Mary Jo Ryan Duncan

Samhain 2015: Mulranny, Irish funerals....

Cooked potatoes
Photographer: Evelyn Simak
Terry McDonagh and Mary Jo Ryan.
Photographer: Henry Wills.

Samhain in Mulranny

At Samhain Great  Aunt Grainne boils potatoes

for departed souls.

Sets them out on best plates with butter,

salt and  pepper, then goes to bed.

Visiting niece and partner, back from the pub

polish off the spuds.

As ever, at first light,

Great Aunt Grainne greets the Samhain morning.

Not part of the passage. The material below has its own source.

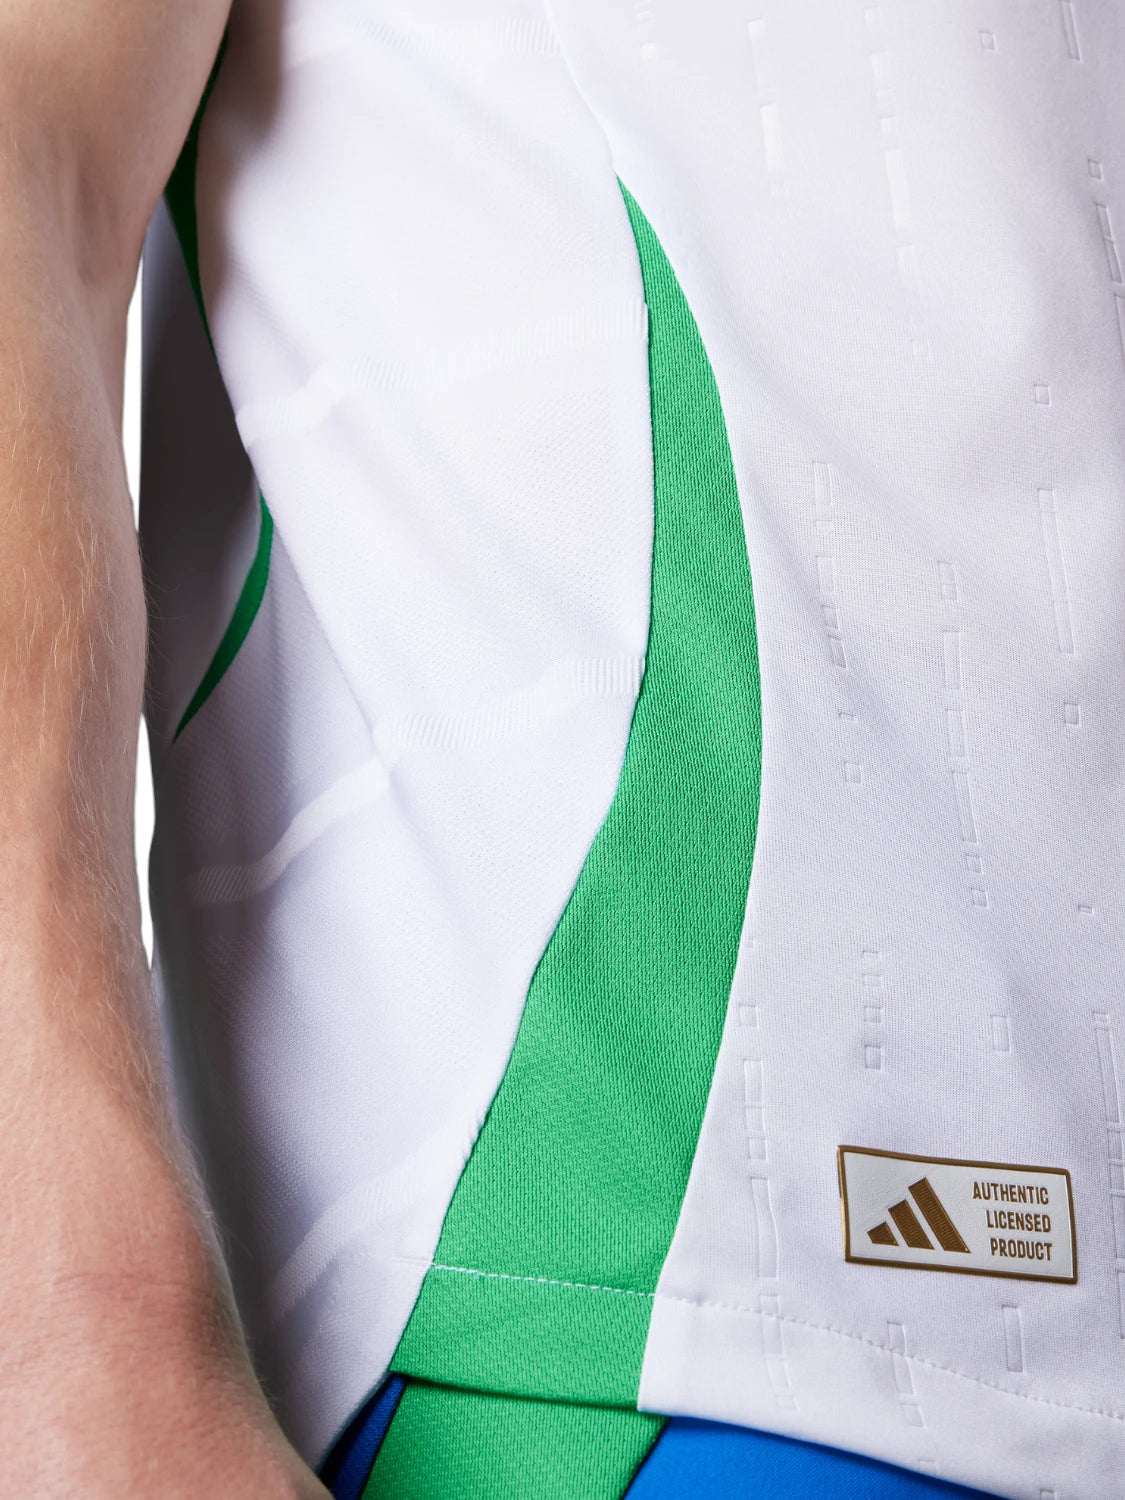 Maglia Italia Away Authentic 2024 - Ufficiale da Gioco-Adidas Originals-T-shirt-Vittorio Citro Boutique
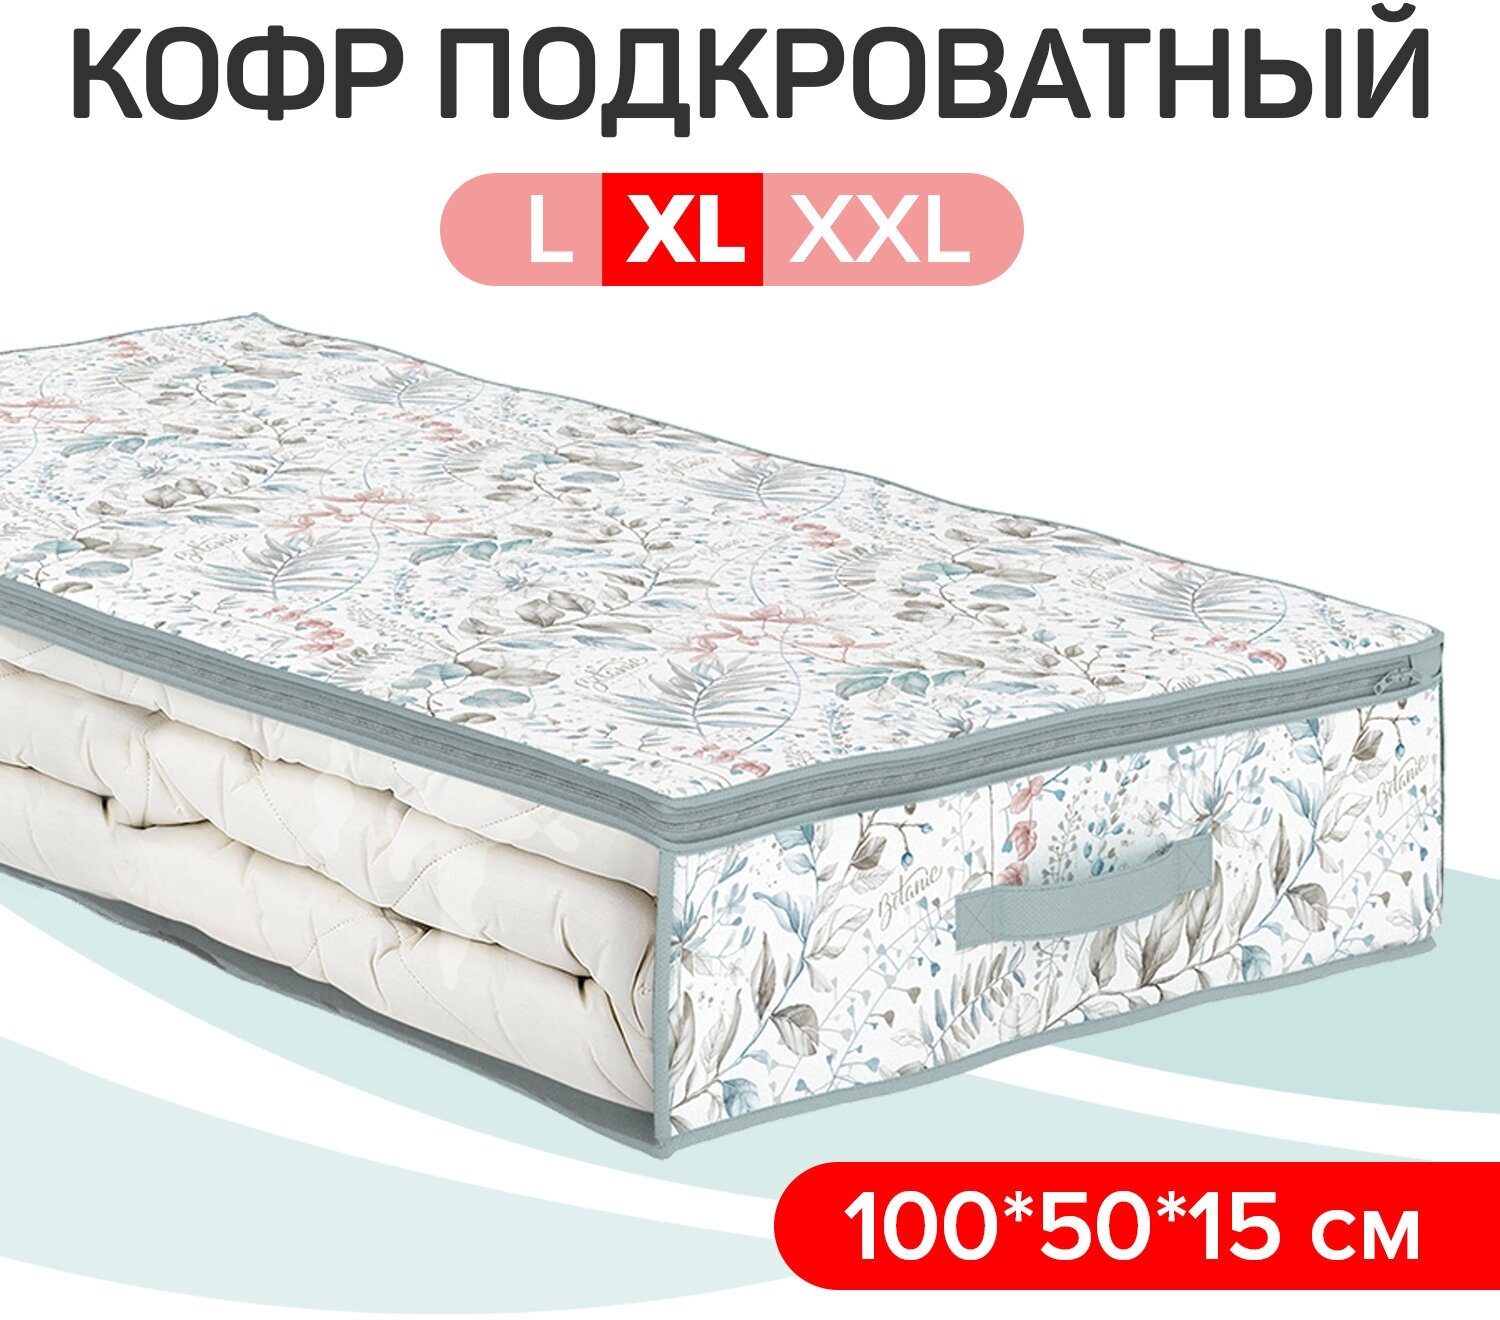 Кофр для хранения подкроватный 100*50*15 см VALIANT BOTANIC

Shock! The spuds are gone.

Relief. Finally her reward.

Visiting niece and partner sleep on.

                                                                          

First and last Irish Funeral

Young and wild In the 1950s when Ireland was poor and sad I hitchhiked

the west of Ireland and knew I’d come back and I did, often. In the

1990’s when Ireland was on its way to the Celtic Tiger I retired in

Vancouver and returned to live in a Connemara village and my first Irish

funeral – not mine, but that of Kevin Cassidy.  From the Church the

congregation walked to the cemetery, the priest waiting by the open

grave. The grey and windy day suited the occasion. The priest intoned the

prayers as the coffin was lowered into the grave.  And the song began. A

clear, high, unaccompanied and special voice of a perfect sean-nós

singer, a young woman relative of Kevin’s, sang Amhran Mhaoinise. Her

strong, penetrating voice carried on the wind to all of us then back out to

sea. She sang and sang. No one spoke or moved, mesmerized at the

voice on the wind.

Now I live in west Mayo and have attended quite a few more Irish

funerals. And I have prepared for the last, my own – in Killeen cemetery,

a beautiful site on Clew Bay. Killeen is my mother’s maiden name.